— Почему вы решили прокомментировать именно «На берегах Невы» Ирины Одоевцевой?
— Это очень интересная книжка, с которой многие начинают свое знакомство с эпохой русского модернизма. Некоторые считают эти мемуары неправдивыми. Единственным способом разобраться было проверить все и уже сделать общие выводы. Кто‑то должен был сделать этот комментарий. Я, как обычно, огляделся, может быть, кто‑нибудь еще? Но нет, за эту работу пока никто не брался. Тогда я сел и за два года написал этот путеводитель.
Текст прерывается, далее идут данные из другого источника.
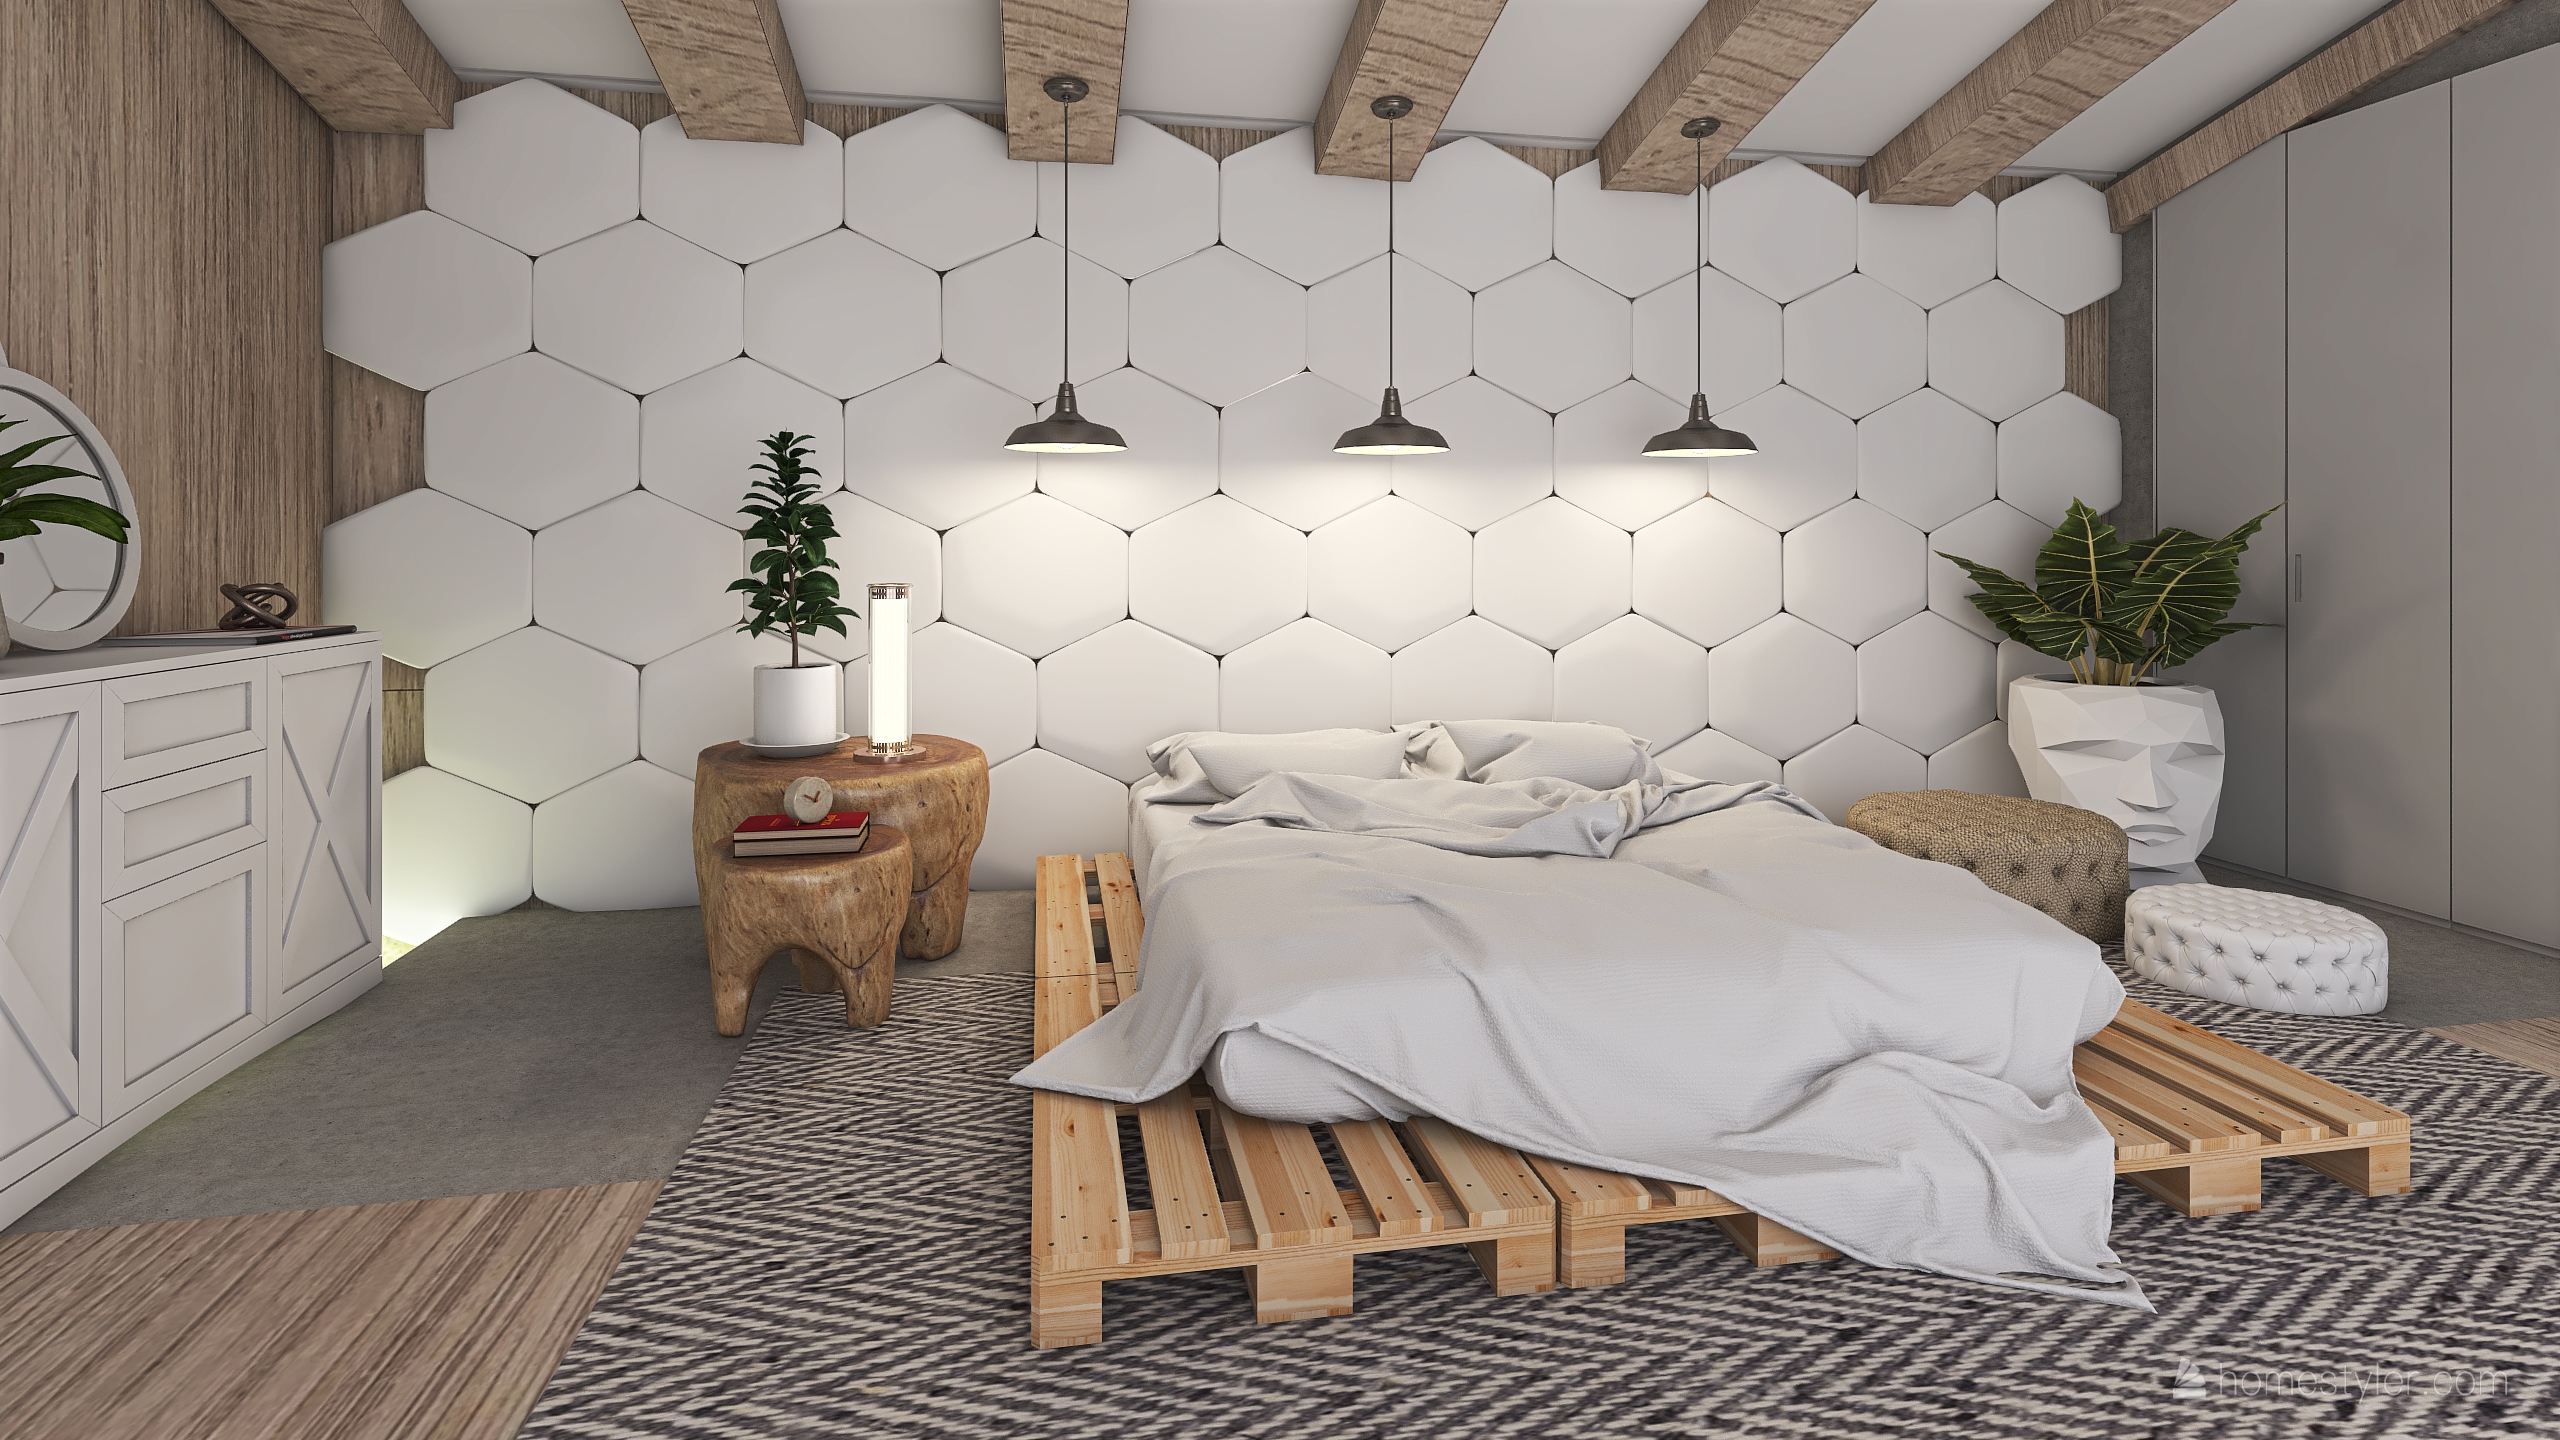 Make a bed with pallets - remix of Bonnie's Relaxation House's bedroom EGpuUV9KP4q2Zm16ymzYV1

— В последние годы мы видим пристальный интерес к механизмам памяти и ее работе. Появился проект Линор Горалик Post.Post media о работе с частной памятью, Мария Степанова написала роман «Памяти памяти». Почему память стала так всех интересовать?
— Совершенно очевидно, что время — благодаря интернету в первую очередь — страшно ускорилось. Все меняется на наших глазах. Как‑то я ехал в метро вместе с мальчиком и его мамой. Мальчик кричал: «Я не хочу эту классику, я не хочу «Гарри Поттера», давай что‑нибудь другое!» Для них «Гарри Поттер» уже классика! Мне кажется, когда все так быстро течет, когда мы ощущаем, что время протекает сквозь пальцы, возникает необходимость что‑то зафиксировать, остановить.
Попытки удержать время были всегда, но сейчас стали очень востребованными. Как можно удержать его нам, литераторам? Либо писать художественные книжки, либо воспоминания, либо комментарии к мемуарам, чем я, в частности, и занимаюсь.
— Мемуары Одоевцевой начинаются с ноября 1918 года — не самый простой период в истории России. Но Одоевцева словно создает альтернативную картину Петрограда, о которой говорит с такой легкостью, что даже страшно. Вас это не смущало?
— Одоевцева действительно пишет очень легко, и в этом обаяние ее книги. Там описываются трагические судьбы. Мы знаем, как кончится жизнь Гумилева: Одоевцева об этом, кстати, не умалчивает. Знаем, как кончится жизнь Мандельштама. Какой будет судьба Ахматовой, а встречей с Ахматовой кончается эта книга. Если читать стихи Ахматовой этого периода, мы увидим совершенно другое ощущение времени. Я думаю, что это связано с художественной задачей автора.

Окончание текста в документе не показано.